Elihu Vedder (1836 – 1923) was born in New York City. His father, a dentist, decided to try his luck in Cuba, and this had a profound impact on Elihu Jr.’s childhood. The remainder of his childhood was spent between his maternal grandfather Alexander Vedder’s house in Schenectady and a boarding school.
His mother supported his goals to be an artist while his father reluctantly assented, convinced that his son should try a different occupation. His brother, Dr. Alexander Madison Vedder, was a Navy surgeon who witnessed the transformation of Japan into a modern culture while he was stationed there.
Vedder trained in New York City with Tompkins H. Matteson, then in Paris with François-Édouard Picot.

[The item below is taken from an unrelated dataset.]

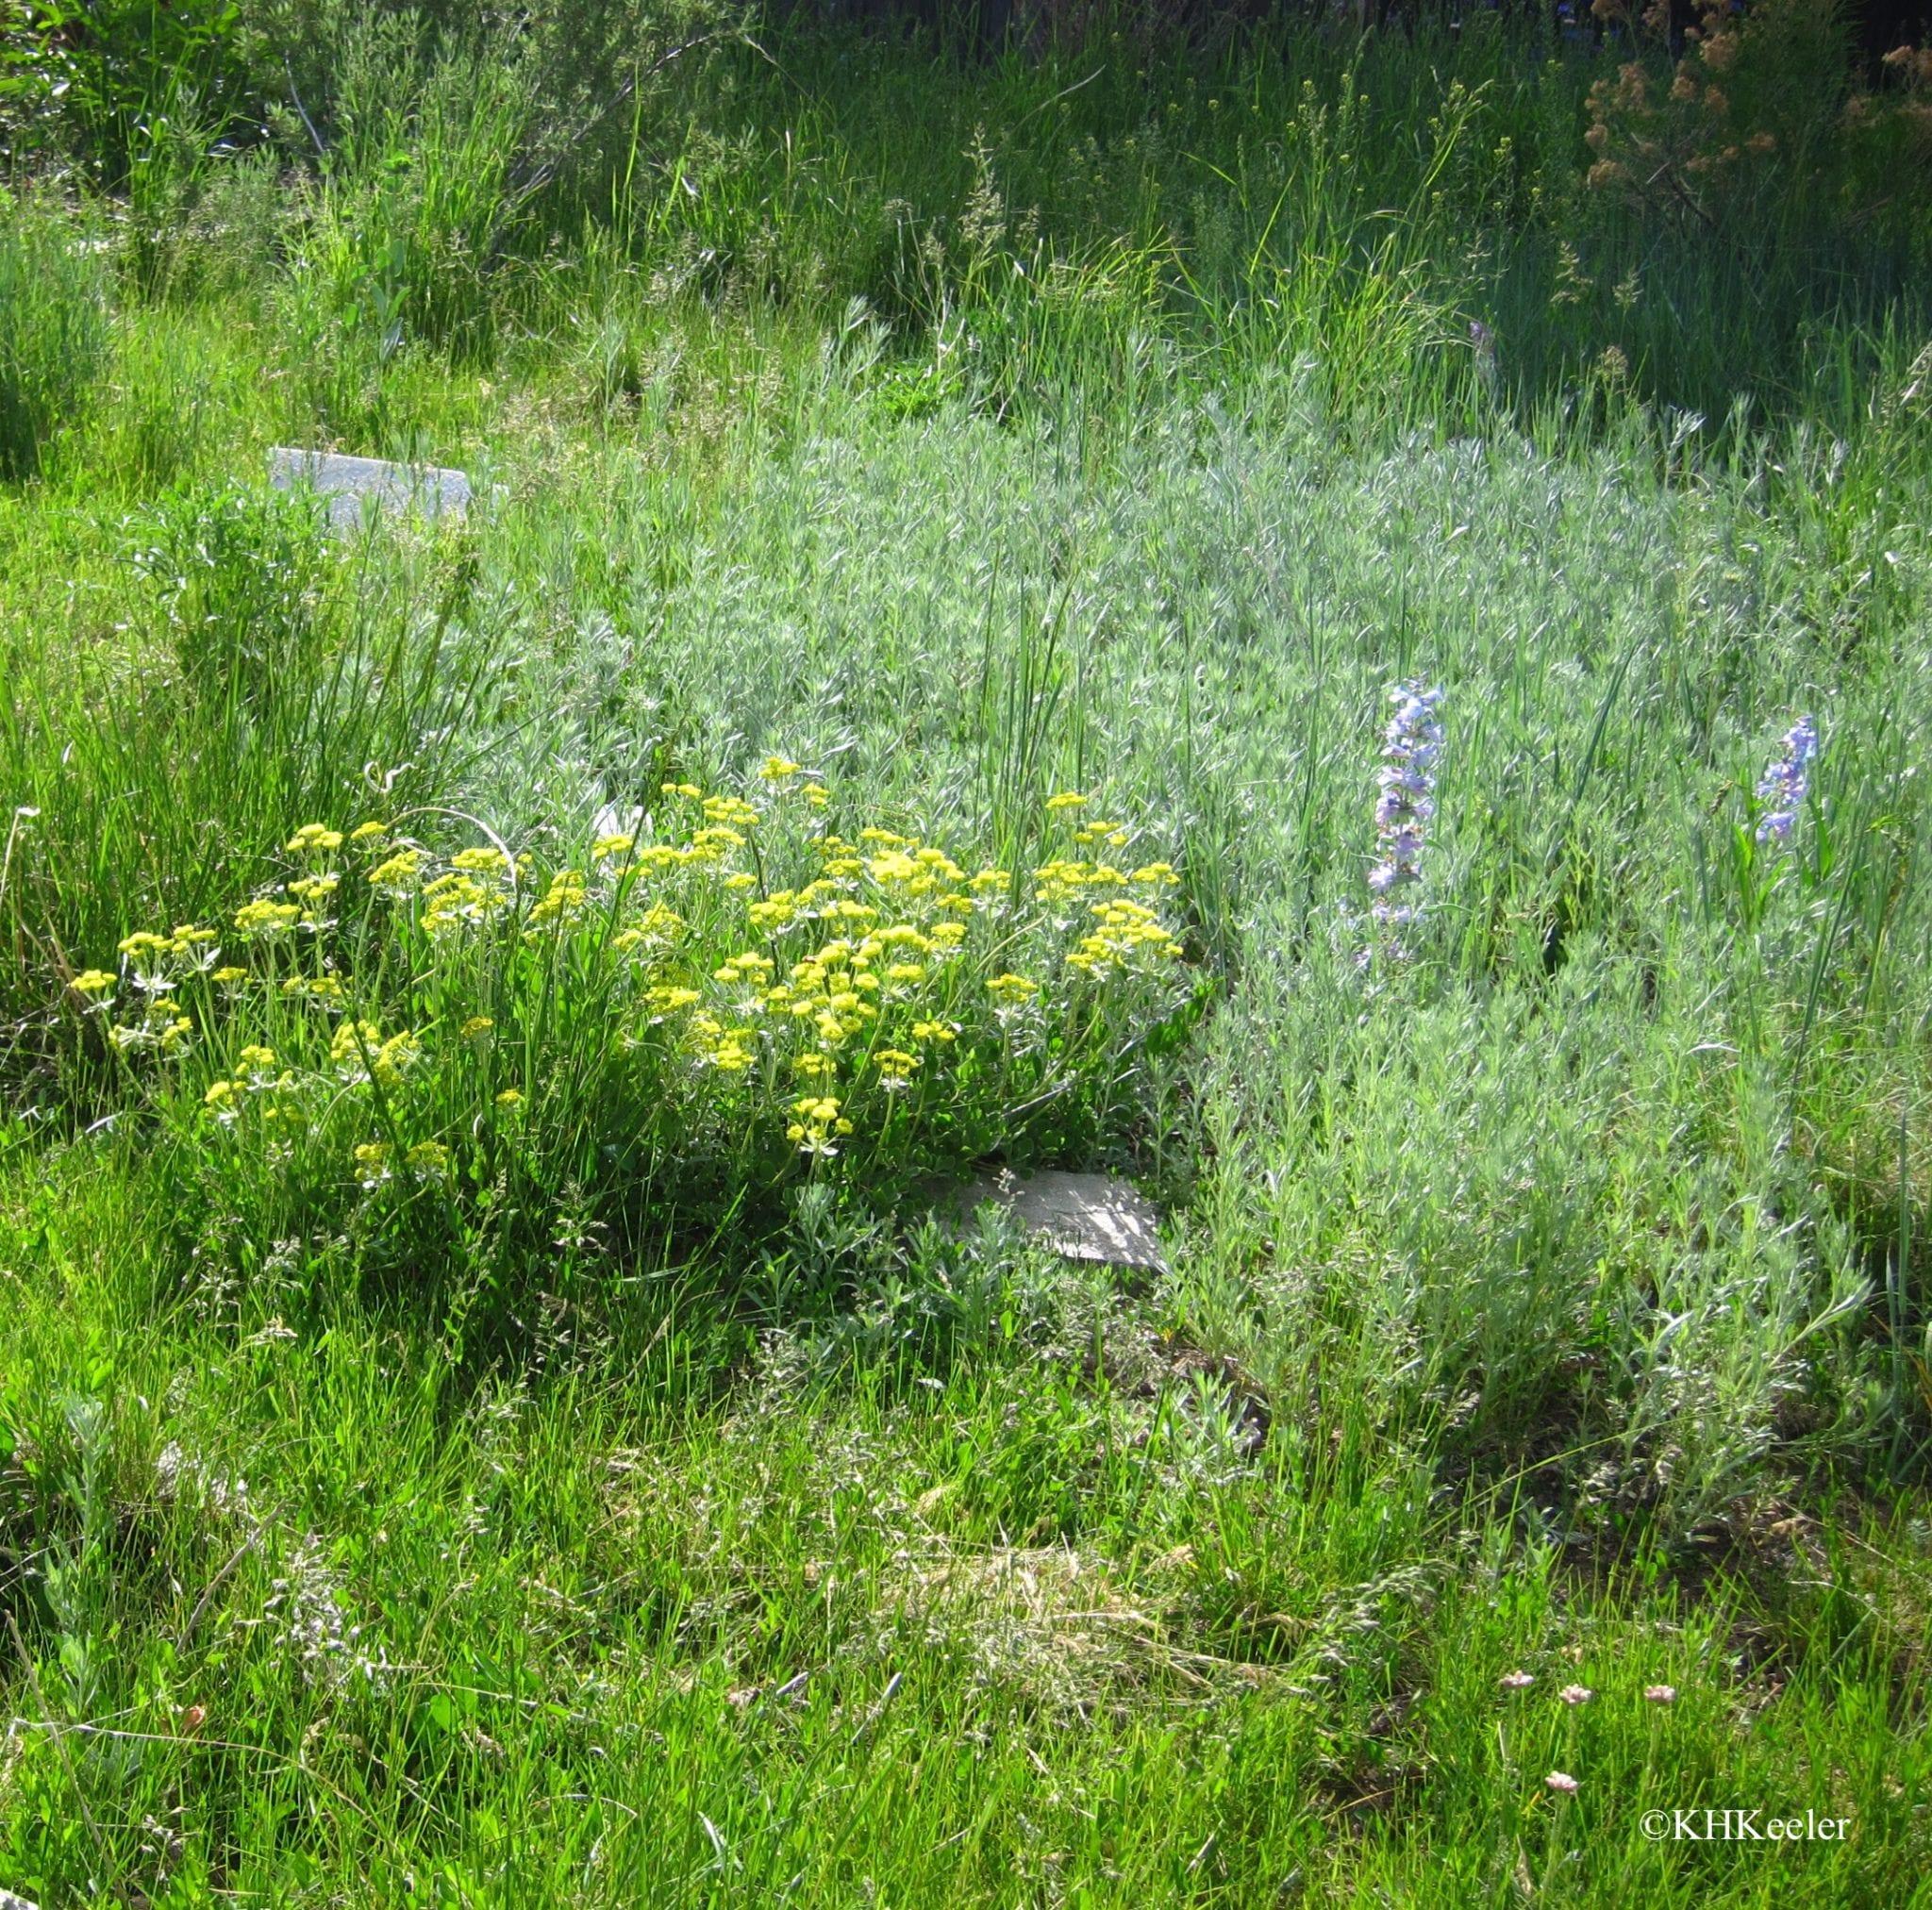 Grassland in spring
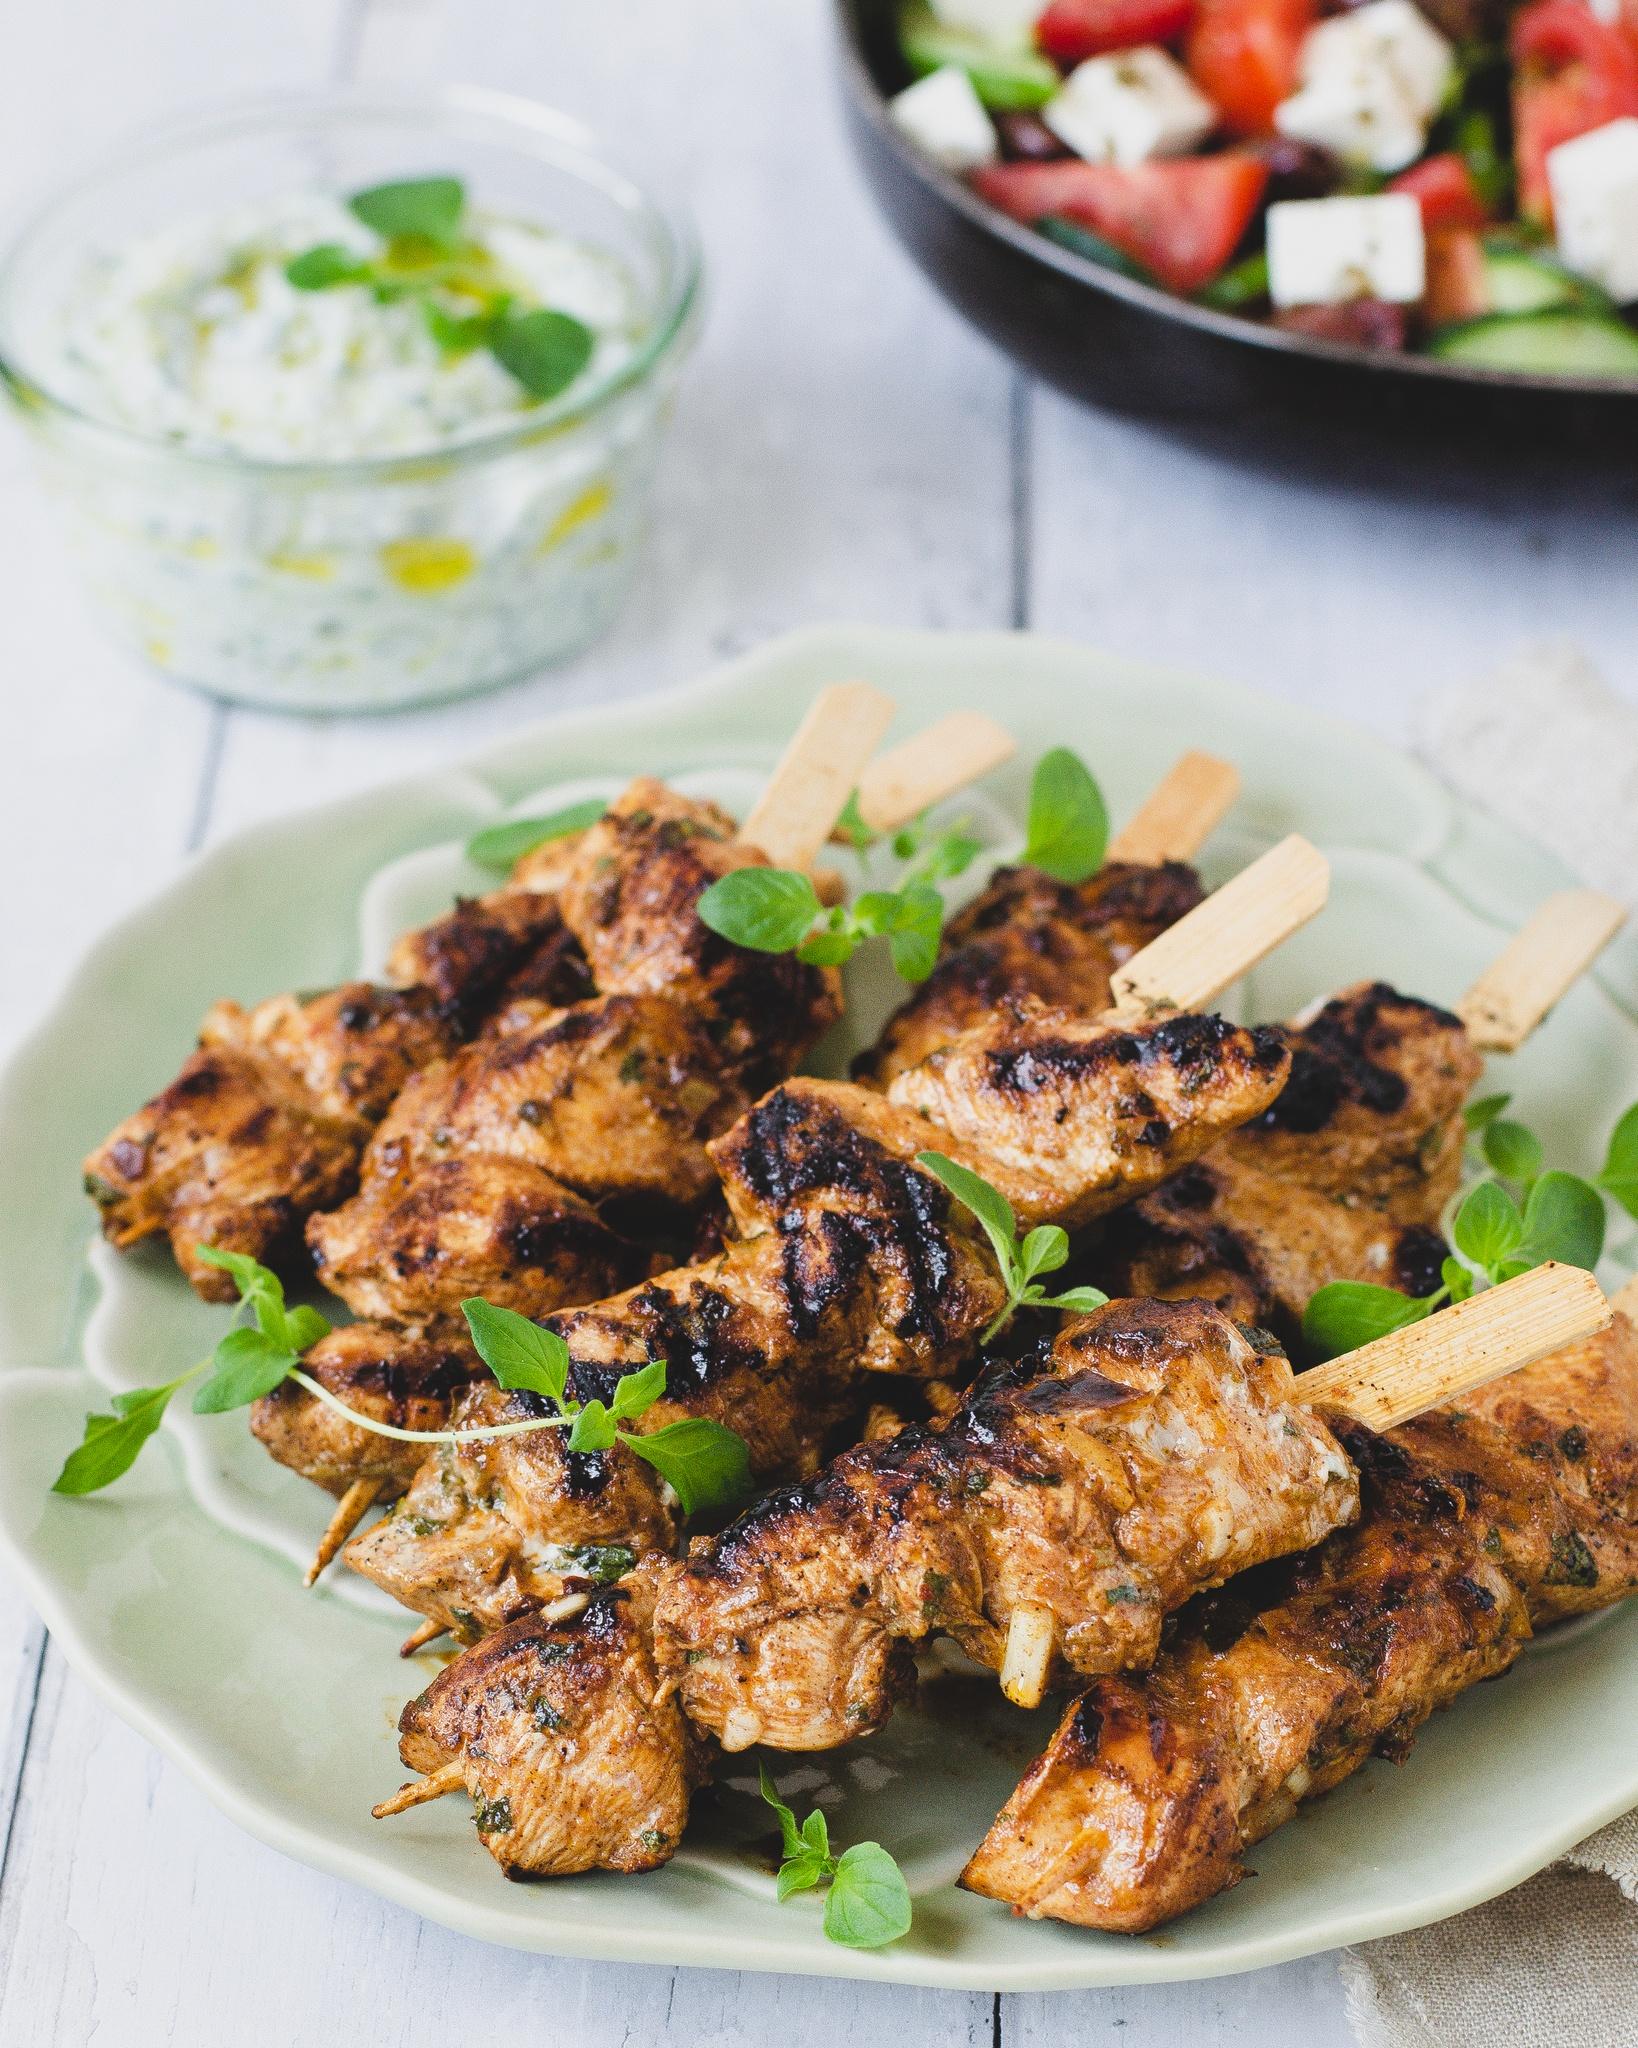 græsk kylling på spyd, med oregano

Finally, he completed his studies in Italy – where he was strongly influenced not only by Italian Renaissance work but also by the modern Macchiaioli painters and the living Italian landscape.
He first visited Italy from 1858 until 1860, becoming deeply emotionally attached to fellow painter Giovanni Costa. Penniless, Vedder returned to the United States during the American Civil War and made a small living undertaking commercial illustrations. He was involved in the bohemian ‘Pfaff’s’ coffee house group and painted some of his most memorable paintings notable for their visionary nature, romantic imagery and often Oriental influences.